──────── Data provided ────────

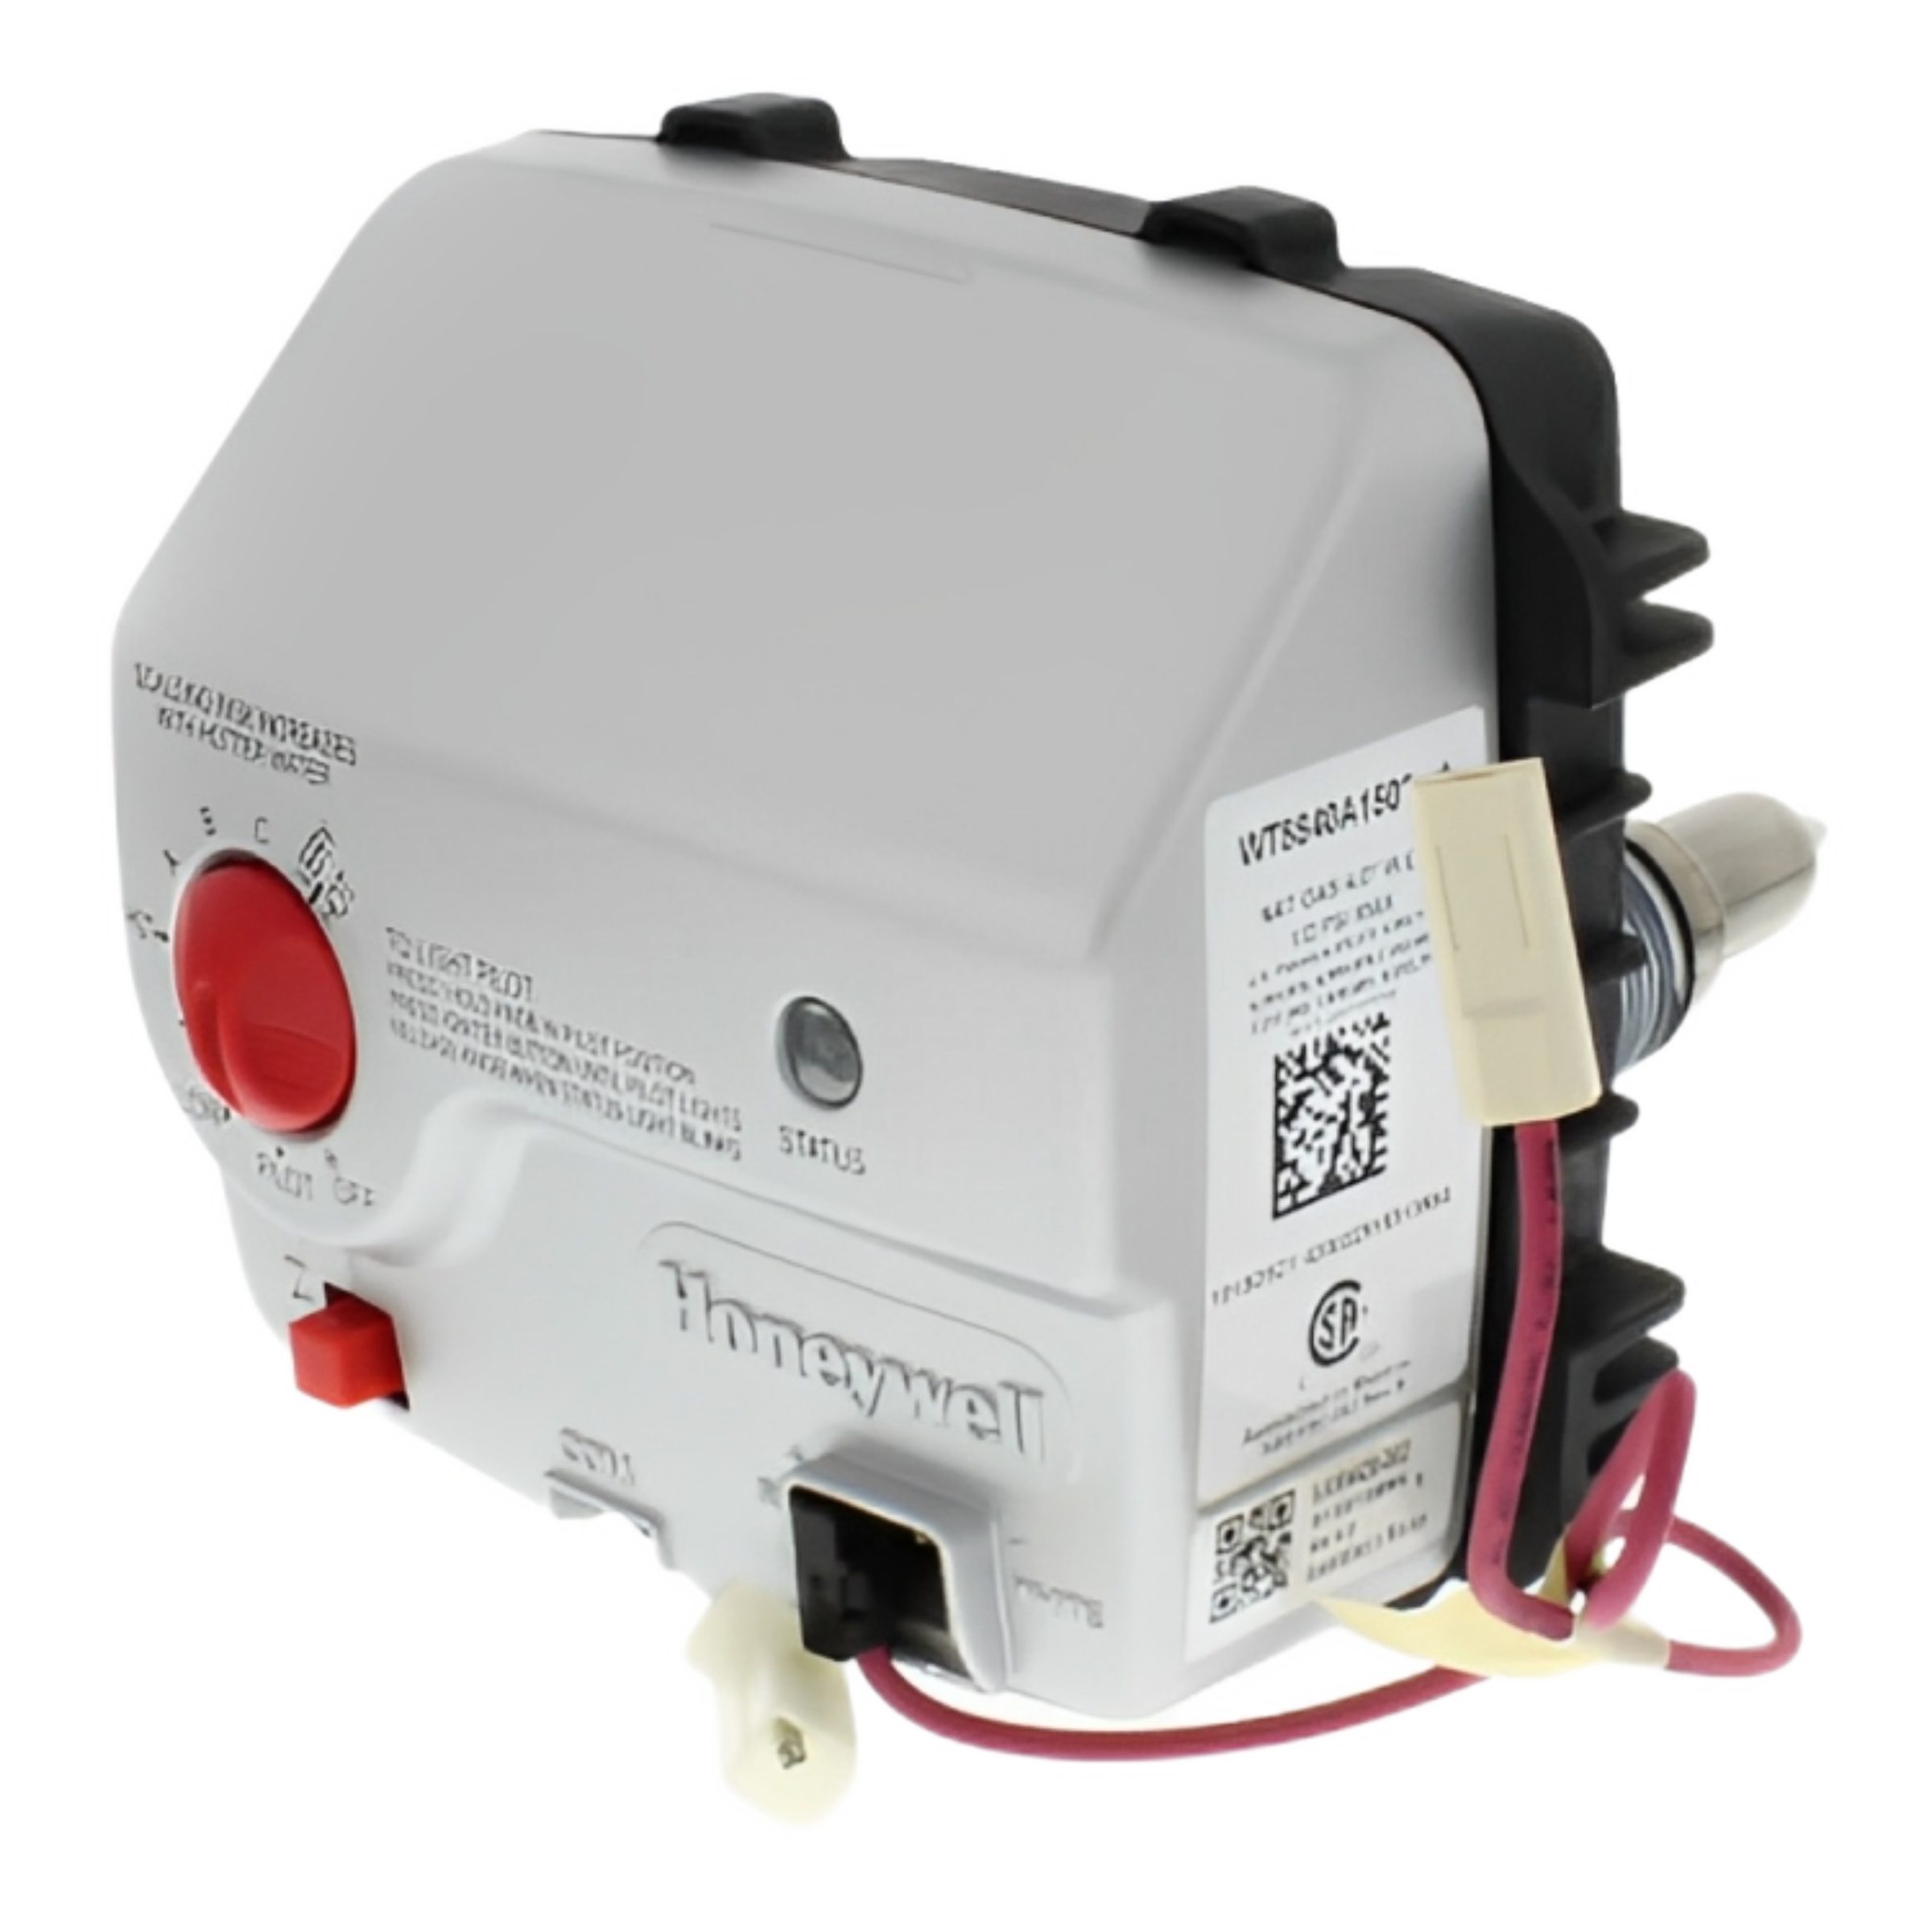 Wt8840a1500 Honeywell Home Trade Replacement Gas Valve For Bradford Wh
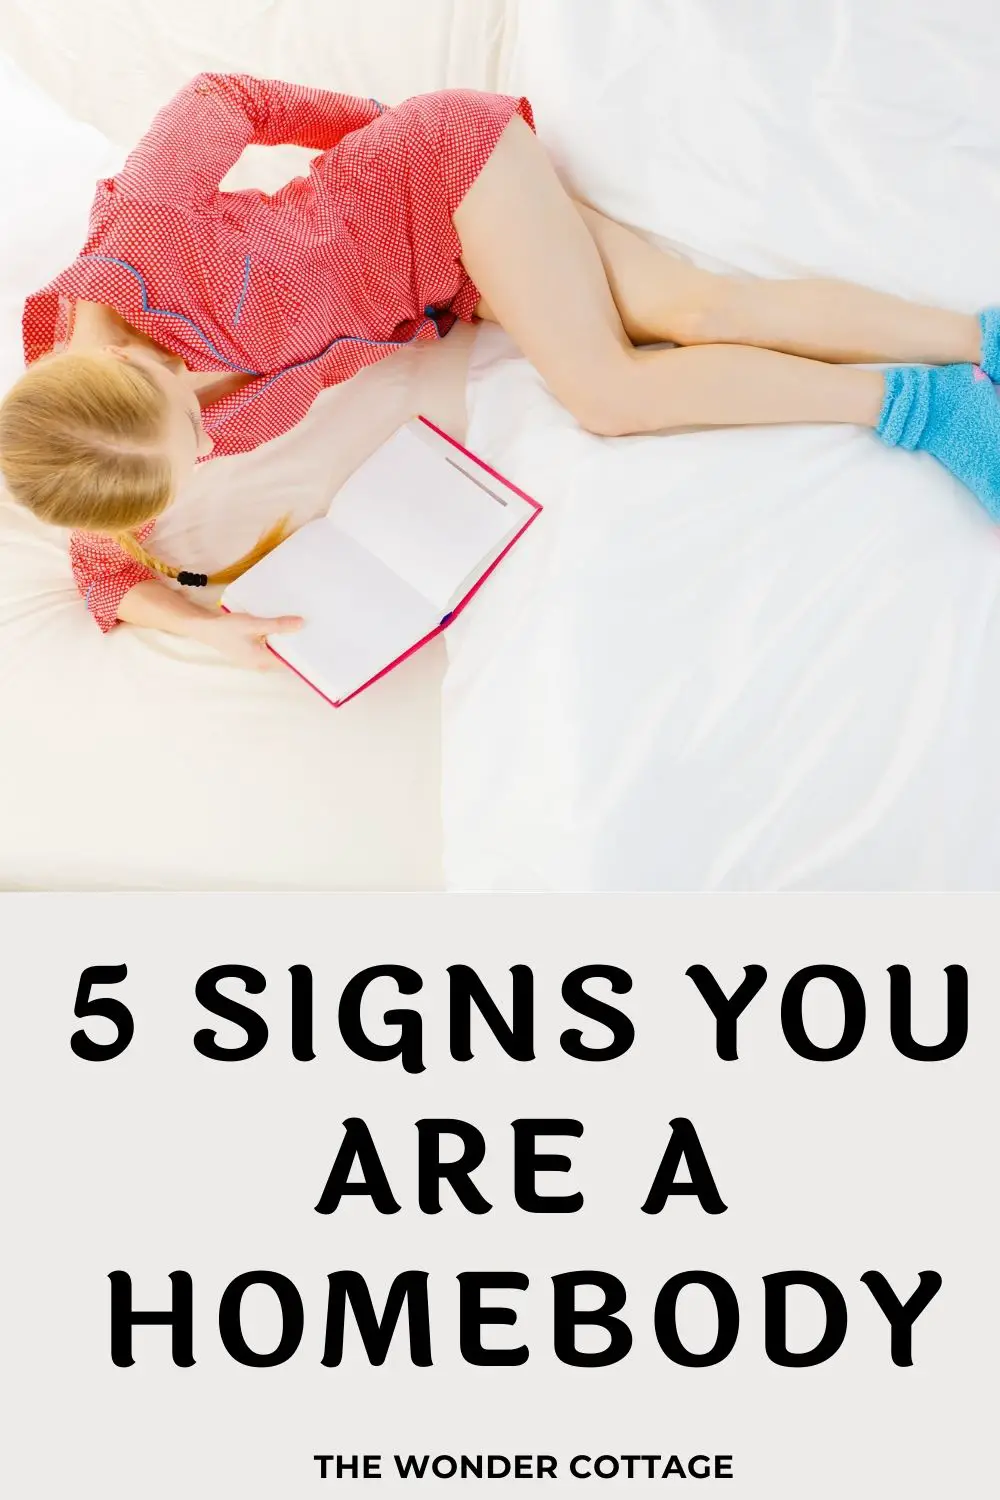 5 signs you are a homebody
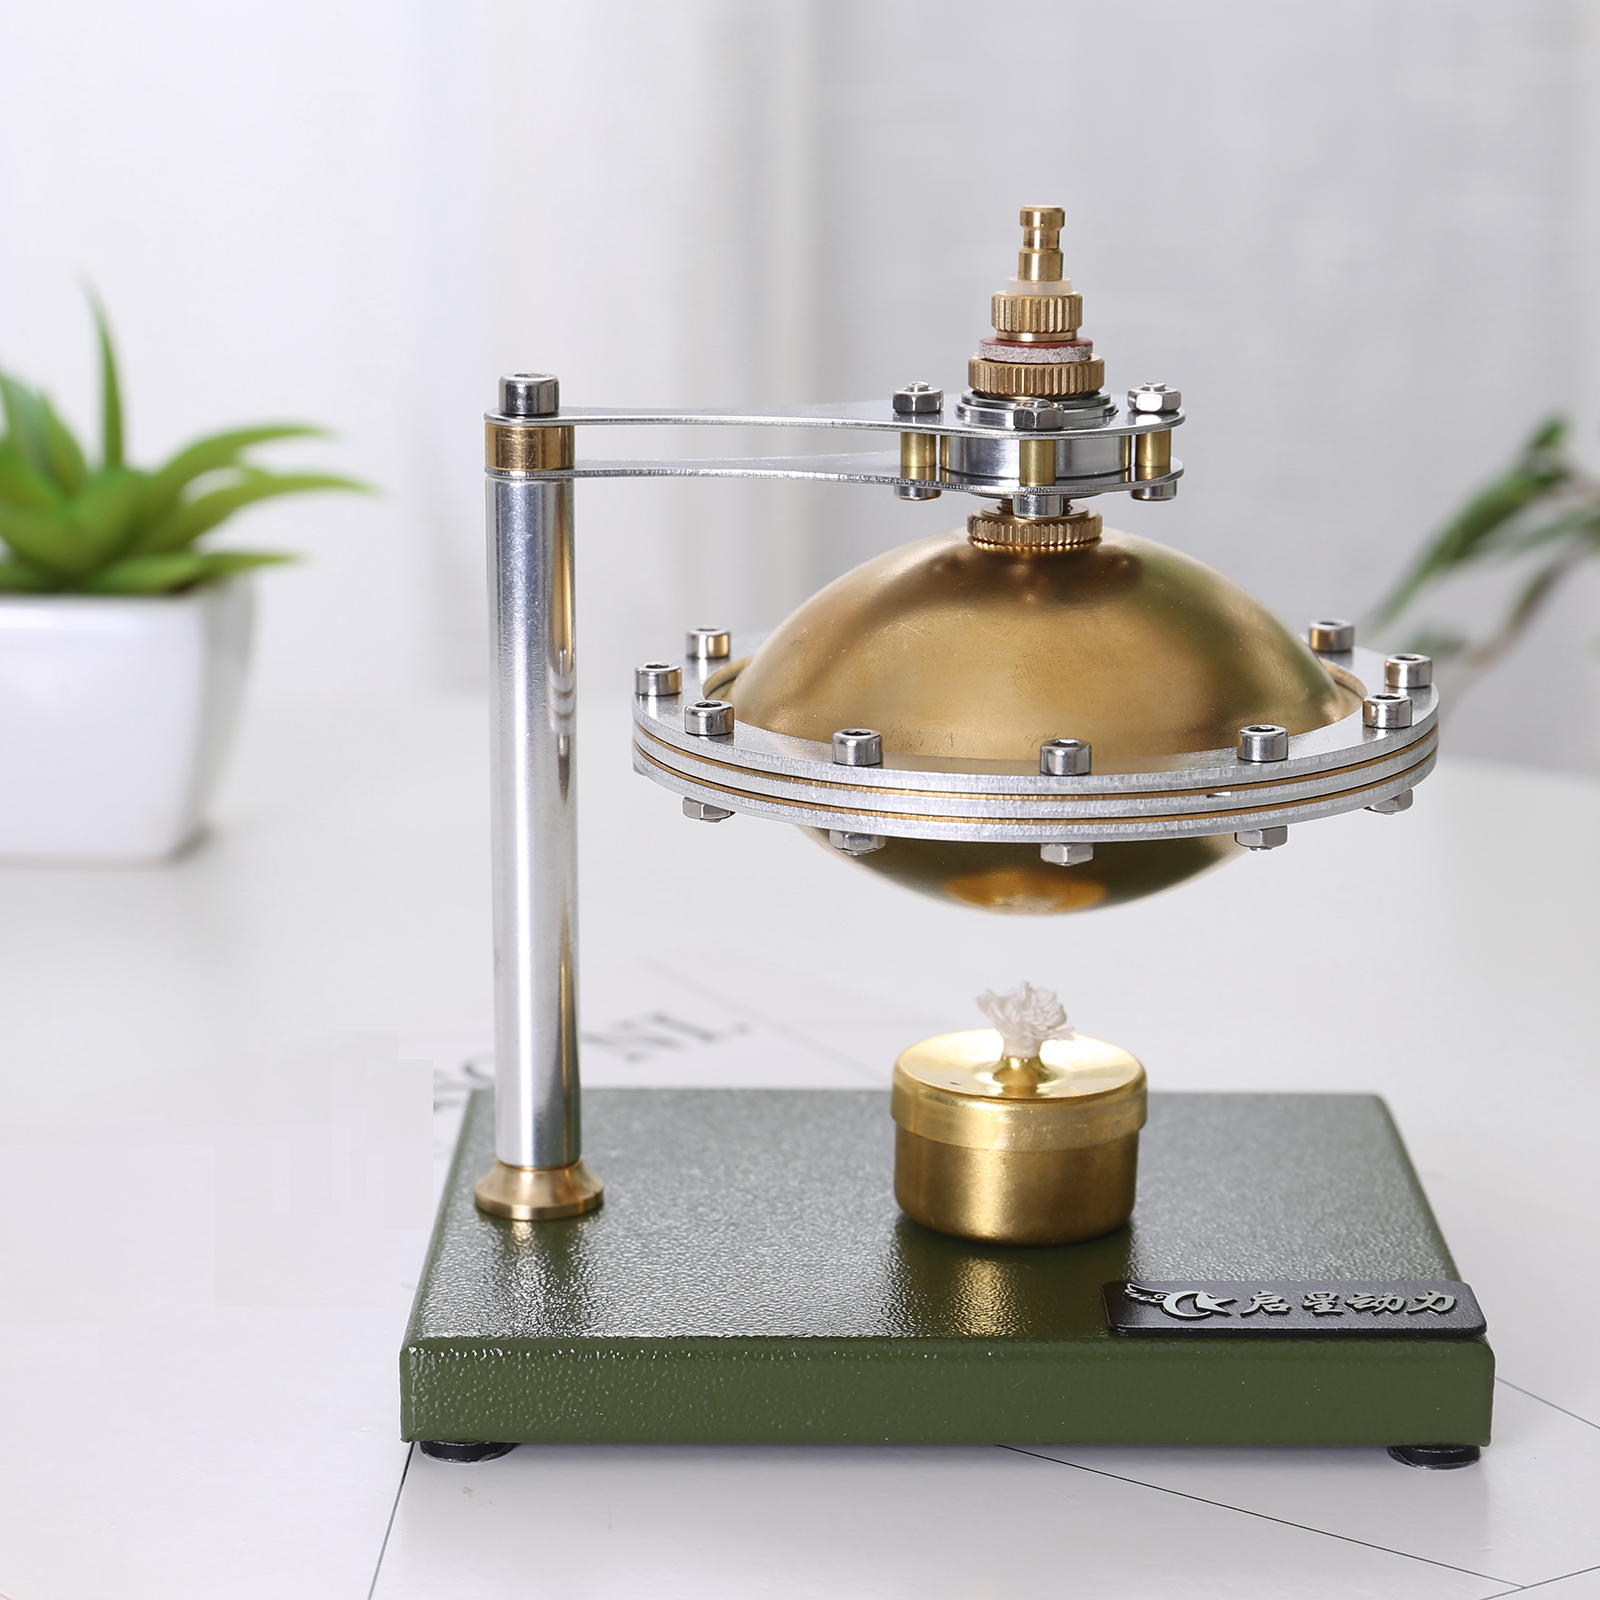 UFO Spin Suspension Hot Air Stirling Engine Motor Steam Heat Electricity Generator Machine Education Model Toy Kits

────────

Every line from the one bearing "5 signs you are a homebody" through the end of the data above must be output exactly, and no picture may appear.

**Reply:**
 5 signs you are a homebody
 UFO Spin Suspension Hot Air Stirling Engine Motor Steam Heat Electricity Generator Machine Education Model Toy Kits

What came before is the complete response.